Bullying and depression are huge problems. None of which have solutions on computers. Both of which are improved by simply getting outside into nature and moving. I suppose it’s good for people to have an outlet to vent about their diabetes which social media does provide, but it also can lead to an unhealthy focus on diabetes instead of the things that make diabetes worth managing. Honestly I am insulated from a lot of these issues with kids. I have heard some about them, but I don’t “get out much” in the diabetes world, being consumed with my own projects–asI’m sure you can imagine!
These are the people with diabetes I have heard of and want to reach.
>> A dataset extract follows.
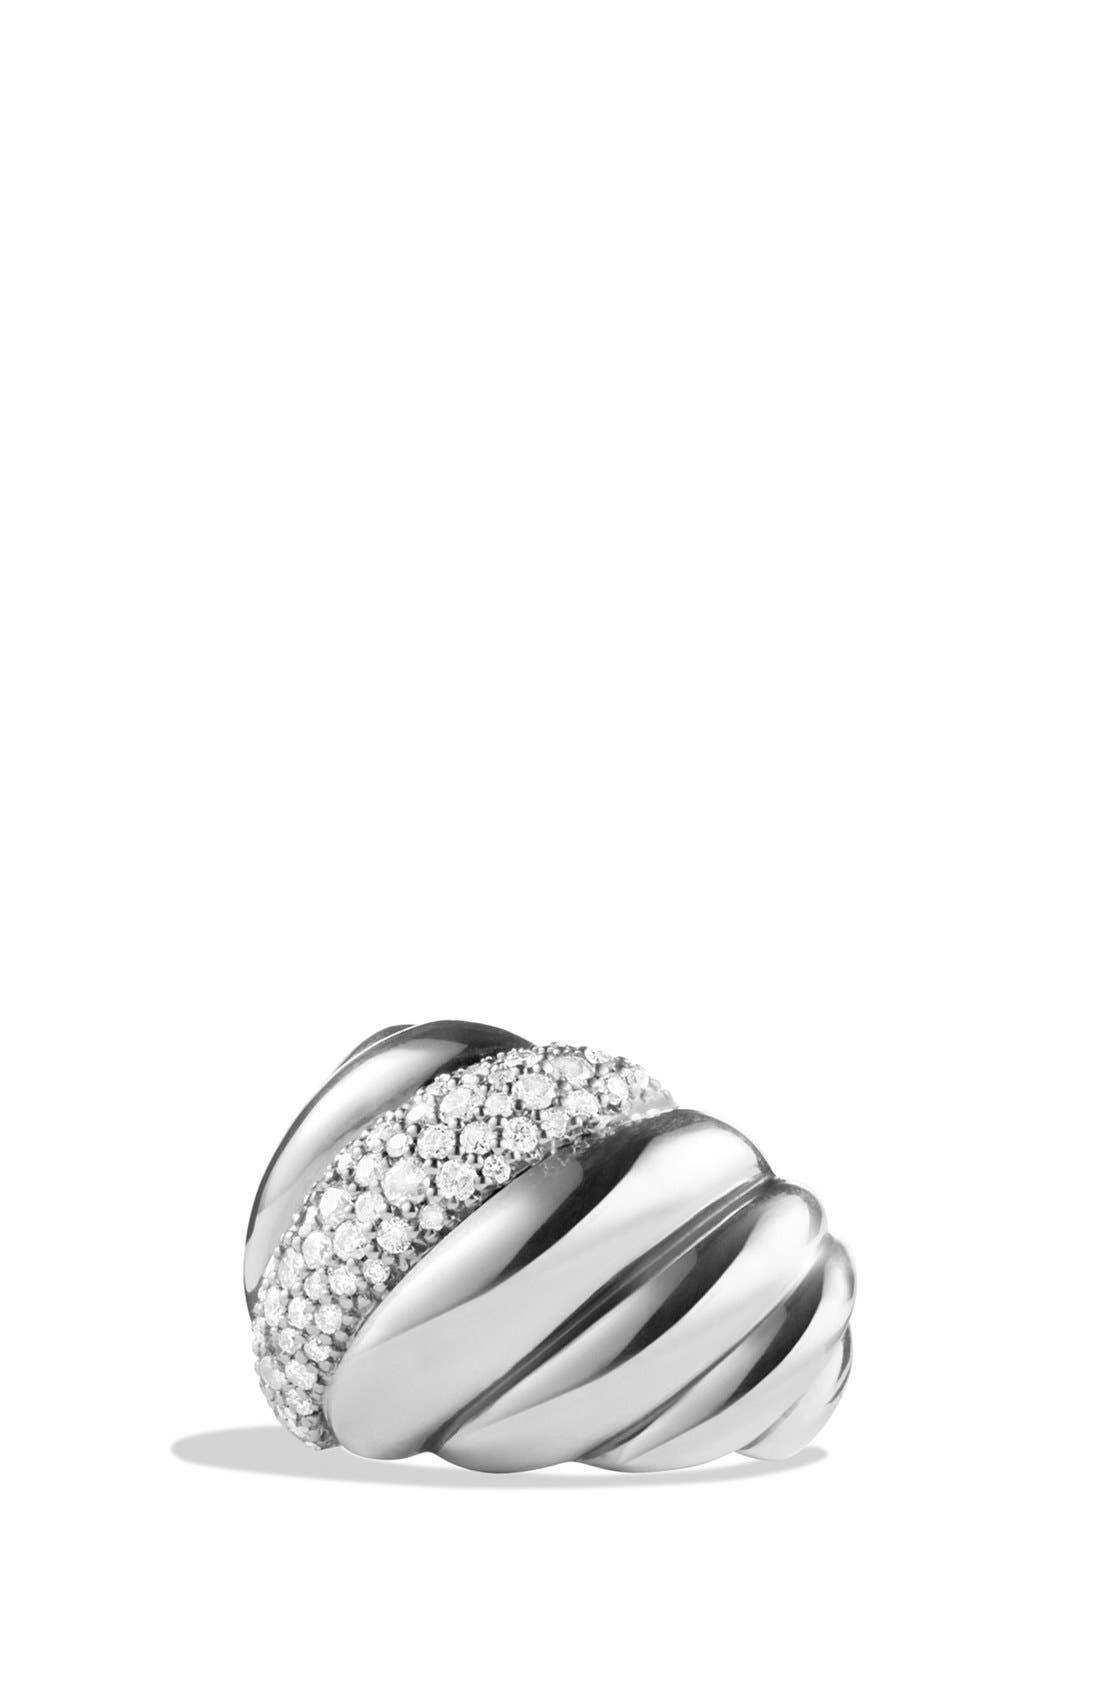 Alternate Image 1 Selected - David Yurman 'Hampton Cable' Ring with Diamonds
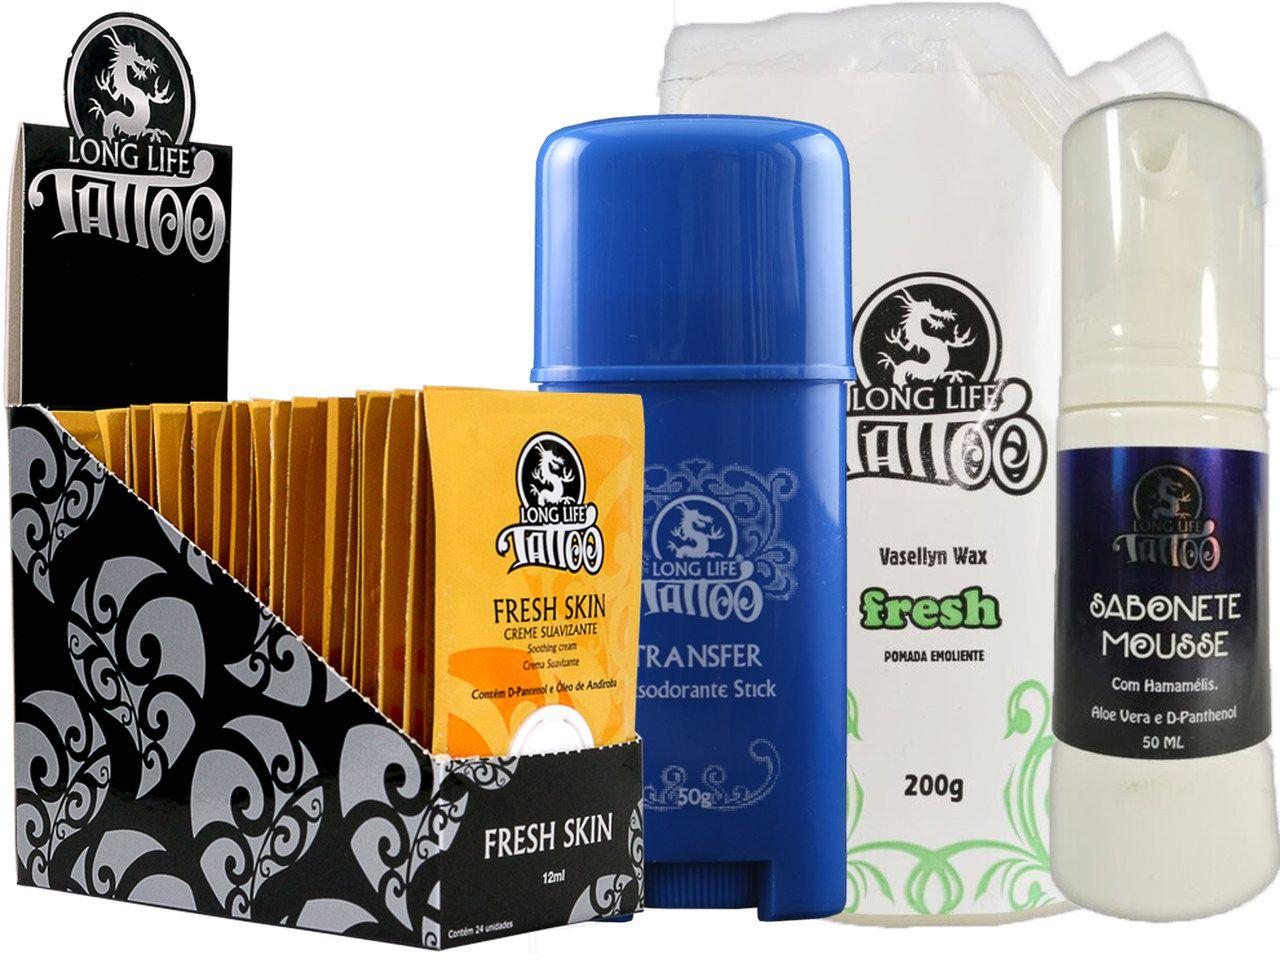 Caixa Fresh Skin Sachê (24 un.) + Sabonete Mousse + Vasellyn Fresh 200g + Transfer Stick

If they know that there’s light at the end of the tunnel, then that makes everything worthwhile. Much of what I do is trying to get the parents to back off and let their child be empowered, because the road to hell is paved with good intentions and well meaning parents coddle and baby their kids so much that they fear everything and stand out socially. If parents believe you’re sick and fragile and raise you that way…it’s likely that you will see yourself that way and be easily discouraged. Having just become a parent though, I have recently learned that taking advice on how to raise your child is something that is not easily taken in stride…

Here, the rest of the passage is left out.